IBM Tealeaf Predictive Analytics - Summer 2015

I spent summer 2015 as a product design intern at IBM working on IBM Tealeaf CX Mobile. Tealeaf is SaaS and OnPrem based customer analytics software used by Fortune 500 companies including: Target, Dell, Air France, and Wells Fargo. The software takes in raw user data from the mobile apps and websites compiles the data into reports based on events set up by Tealeaf users. Tealeaf is used differently by every company that owns it. Popular use cases include, bug detection, customer segment analysis, fraud detection, and A/B testing. 

The Project

I was tasked with creating a feature for Tealeaf that uses historical data to make predictions about customer behavior. I was responsible for user research, ideation, conceptualization, wireframing, user testing, and high fidelity mock ups of the feature. 

My feature aimed at solving several problems by using predictive analytics:

1. Tealeaf is complicated and requires a steep learning curve

2. Tealeaf shows a lot of data, it is hard for a customer to find just the information they want

User Research: Austin Event

User research for my project was done through a customer discovery event that I planned and organized. Customers from PNC Bank, Dell, Dollar Bank, and Rooms To Go flew to Austin, Texas to take part in the 2 day event which included design exercises and brainstorming sessions. 

Personas

The personas, Kristy and Tom, belonged to the IBM Customer Analytics persona collection. The users at the Austin event embodied the responsibilities, challenges, goals and pain points of our personas. 

Austin Results

A Tealeaf user's work flow was a in drill up, drill down pattern. Inconsistencies were identified in charts on the dashboard. The user drilled into the charts, segmented the sessions by different breakout criteria, and then replayed sessions until a abnormality, or "customer struggle", was noticed. The user then drilled back out and checked if any other sessions experienced the same customer struggle. 

The process was overall a very labor intensive and time consuming guess and check method.

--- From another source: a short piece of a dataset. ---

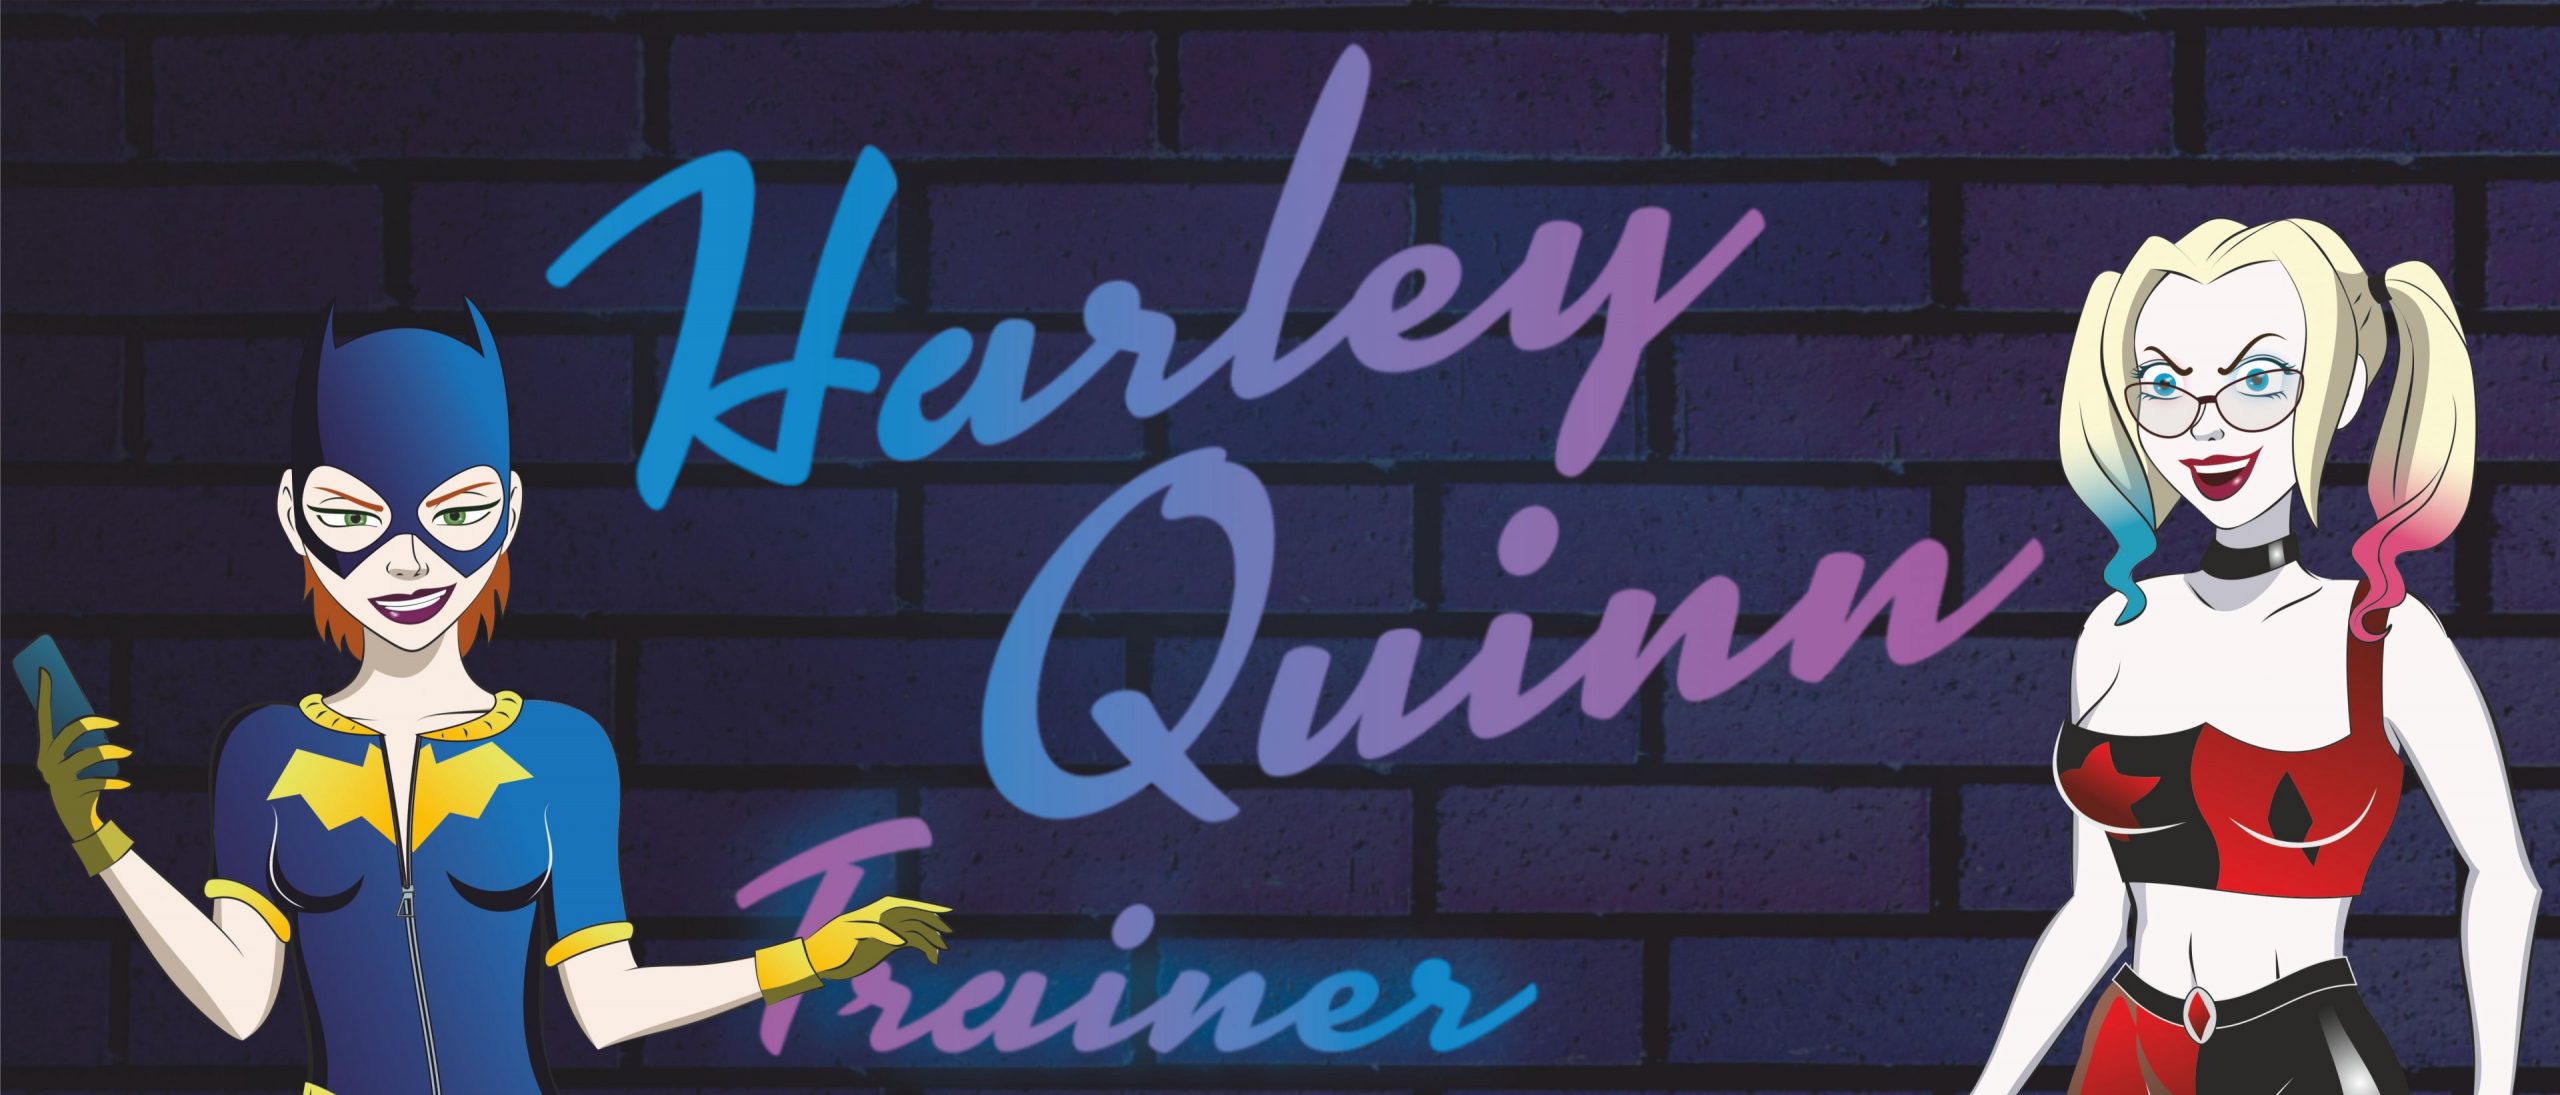 Harley quinn hentai games

Users wanted an easier way to gain valuable insights. 

Sketches

Using PostIt Notes to explore possible user paths through the software to accomplish different goals.

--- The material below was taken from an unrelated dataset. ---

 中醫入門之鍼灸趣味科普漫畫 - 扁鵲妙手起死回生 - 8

Using PostIt Notes to explore possible user paths through the software to accomplish different goals.

Brainstorming different data visualizations.

Brainstorming different data visualizations.

An early concept for a "struggle dashboard". Predictive analytics would be used to recognize customer patterns of struggle and aggregate them to a dashboard. 

An early concept for a "struggle dashboard". Predictive analytics would be used to recognize customer patterns of struggle and aggregate them to a dashboard. 

Playing with the idea of aggregated user "paths" through the interface. Using historical data, search algorithms would discover customers that experienced similar struggle situations and display them as paths allowing the Tealeaf user to see what went wrong and where. 

Playing with the idea of aggregated user "paths" through the interface. Using historical data, search algorithms would discover customers that experienced similar struggle situations and display them as paths allowing the Tealeaf user to see what went wrong and where. 

More fleshed out version of aggregated user path idea. A score was added to determine the level of struggle. 

More fleshed out version of aggregated user path idea. A score was added to determine the level of struggle. 

Storyboard for what eventually became the final concept.   

Storyboard for what eventually became the final concept. 

 

Wireframes

Concept 1: Alerting Flow

How this solved the problem:

Instead of digging for customer struggle patterns, the Tealeaf user would be notified of aggregated struggles. The struggles are linked to a customer defined KPI. The algorithm would scan customer sessions and aggregate abnormalities, learning in the process. 

Concept 2: Event Manager Flow

How this solved the problem:

Similar to the alerting flow, the Tealeaf user would define a KPI. The algorithm would then aggregate customer patterns into cohorts and rank them based on number of customers affected and struggle. Insights were easily accessible and actionable. 

Concept 3: Comparative Replay

How this solved the problem:

Instead of replaying a single session then drilling back out to see if there were similar sessions, the Tealeaf user could compare the session to the rest directly in replay. Here the user can see if the struggle session is having a significant impact to their business and gain a better understanding of how users user their website or mobile app. 

Final High Fidelity Mocks

How this solved the problem:

After talking to many customers and consulting the needs of the data science team, I connected the algorithm's need for context and a user's ability to add that context. If a user would label patterns as success or failure, the algorithm could learn more efficiently. Once the user labeled a customer pattern, the algorithm could identify similar patterns as successes and failures. 

Instead of introducing an entirely new dashboard or mode to the software, I integrated struggle detection into session search. Session search was clean and easy for novice customer to understand. By aggregating sessions through search, the drill up, drill down, guess and check pattern was removed. Insights became easily accessible and directly actionable.